→ **Exercise details**
Write the full listing out again, word for word, but omit the pictures.

====== Given material ======

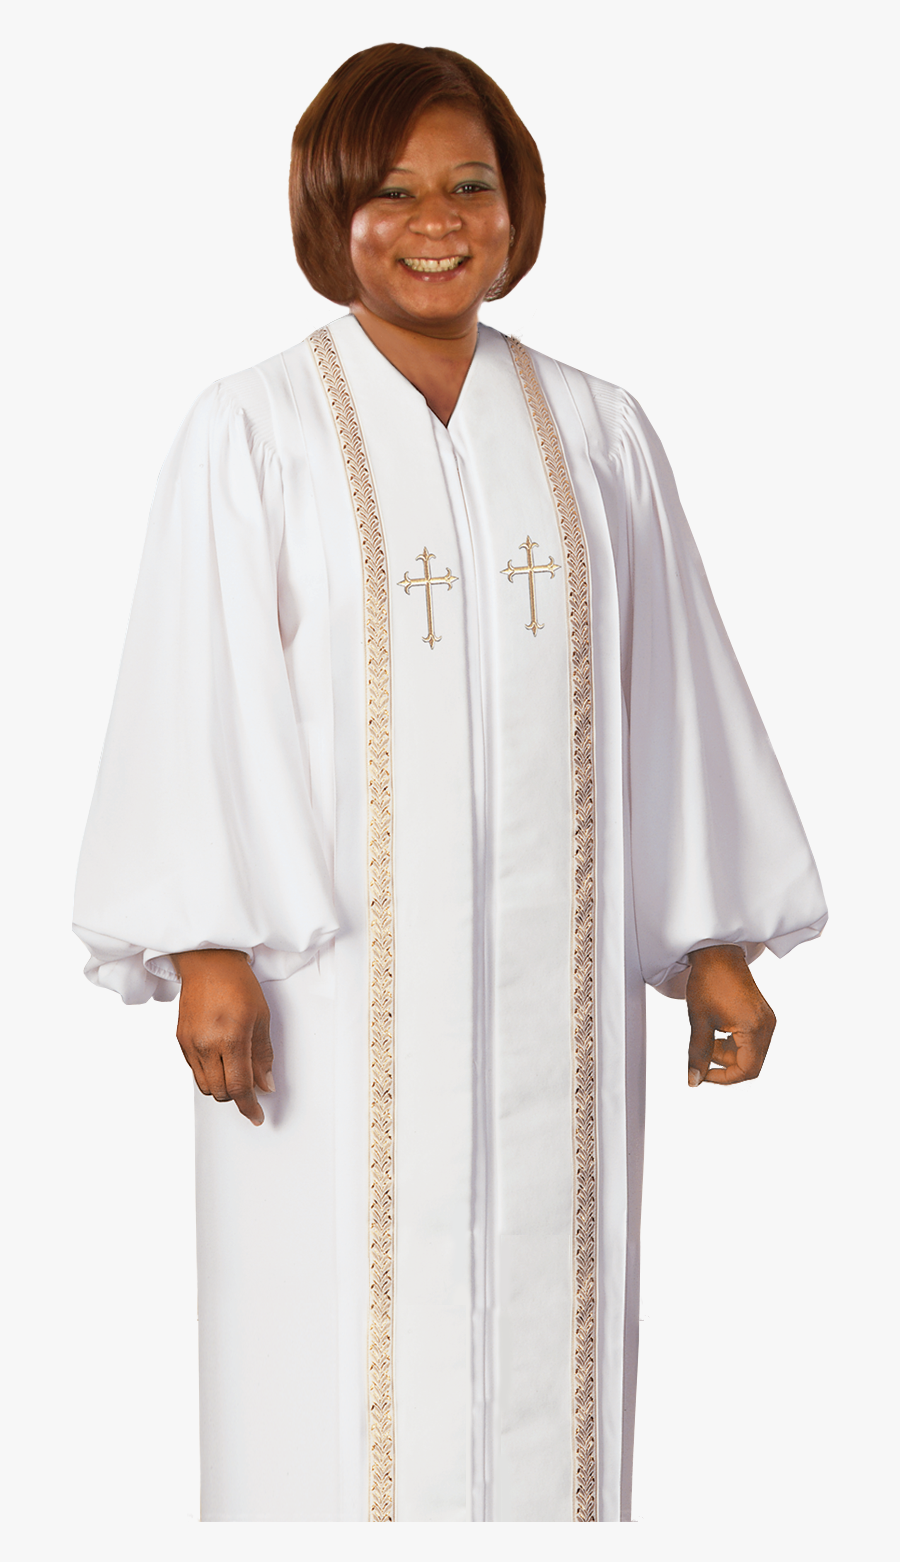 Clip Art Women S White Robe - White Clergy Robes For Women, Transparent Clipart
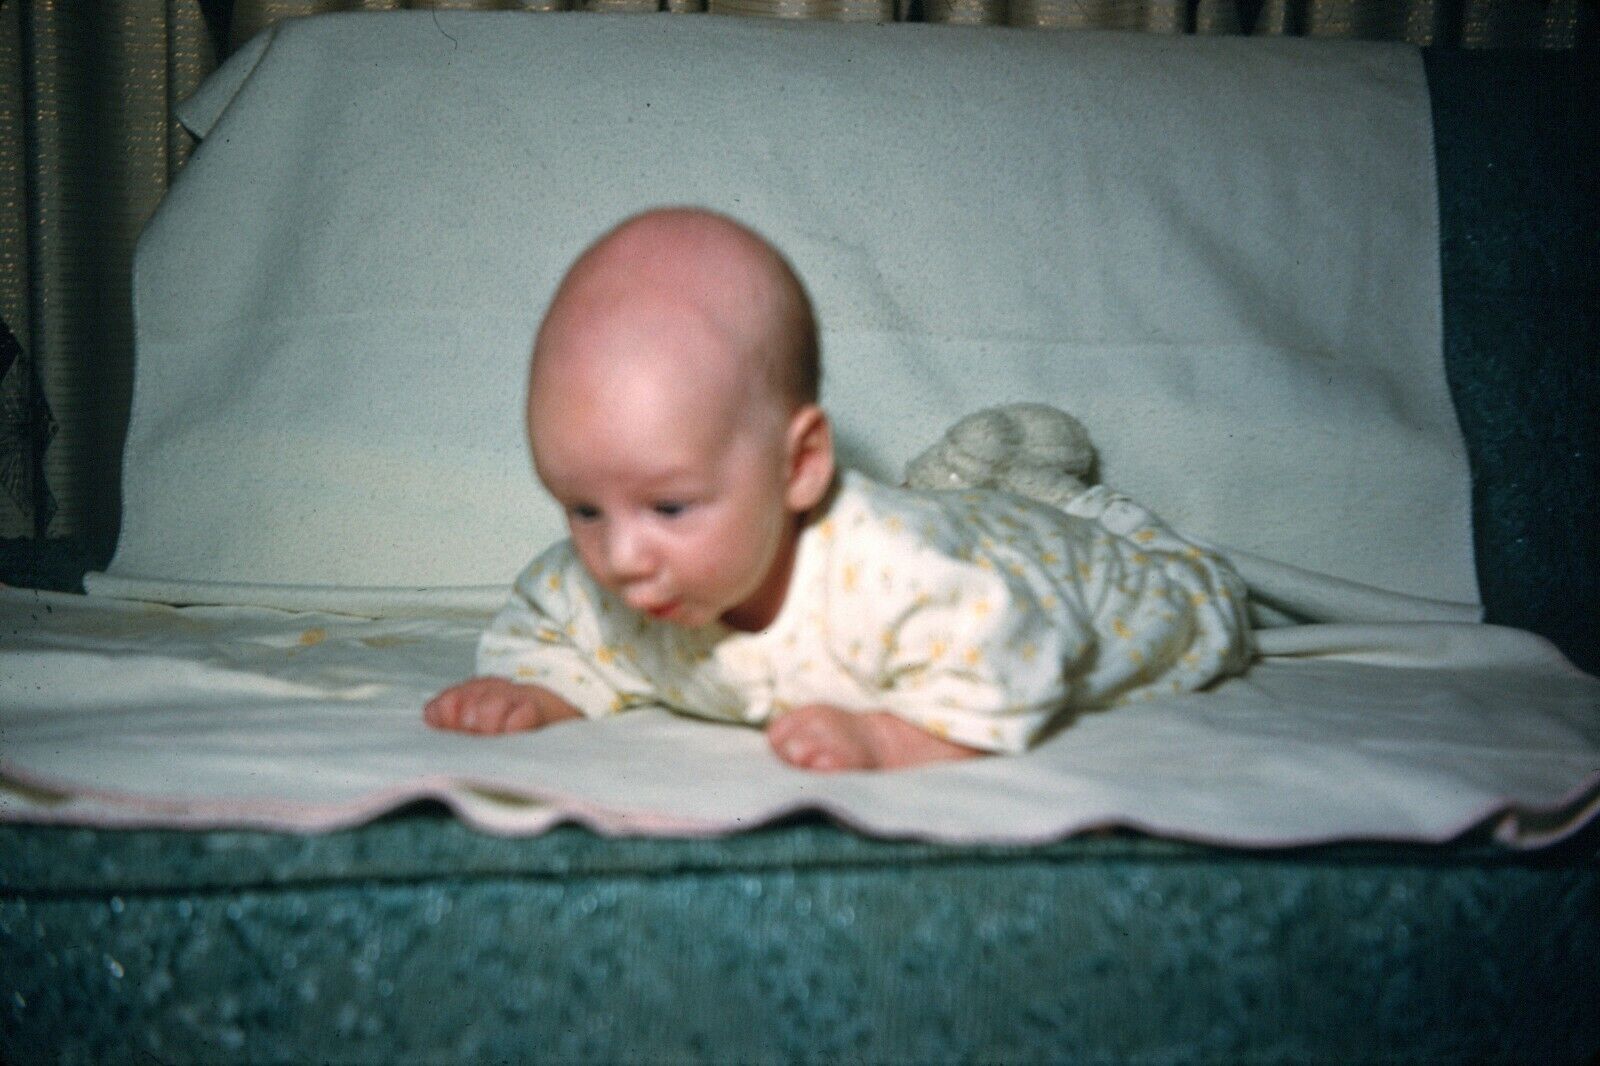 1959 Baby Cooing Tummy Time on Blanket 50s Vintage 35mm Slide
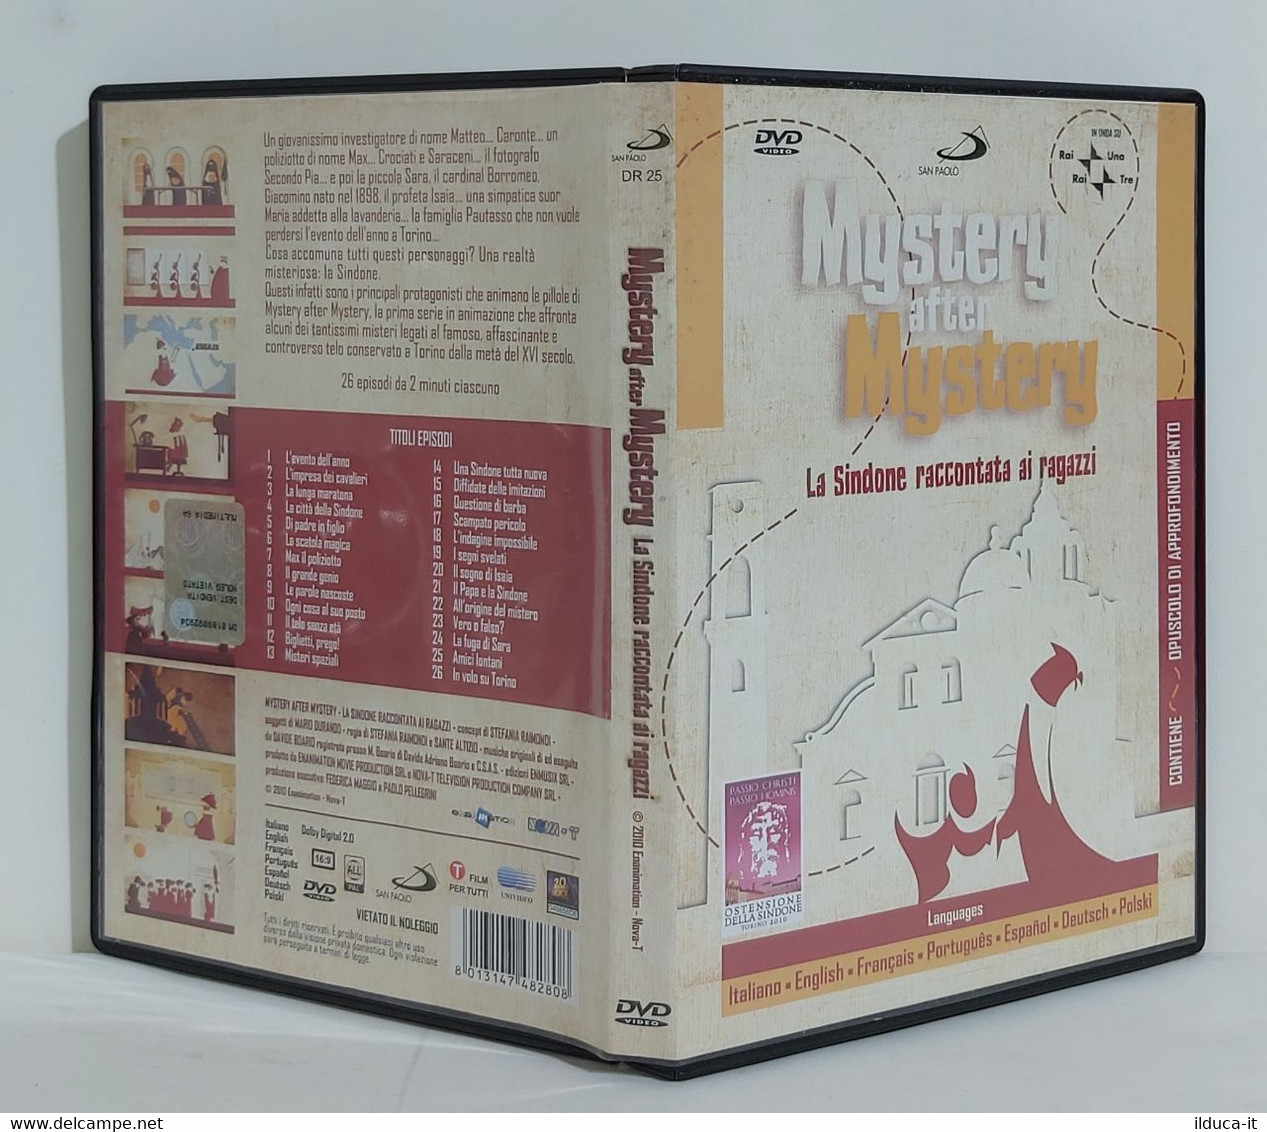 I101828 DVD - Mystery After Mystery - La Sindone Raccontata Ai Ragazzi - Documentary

======

→ **Answer**
 Clip Art Women S White Robe - White Clergy Robes For Women, Transparent Clipart
 1959 Baby Cooing Tummy Time on Blanket 50s Vintage 35mm Slide
 I101828 DVD - Mystery After Mystery - La Sindone Raccontata Ai Ragazzi - Documentary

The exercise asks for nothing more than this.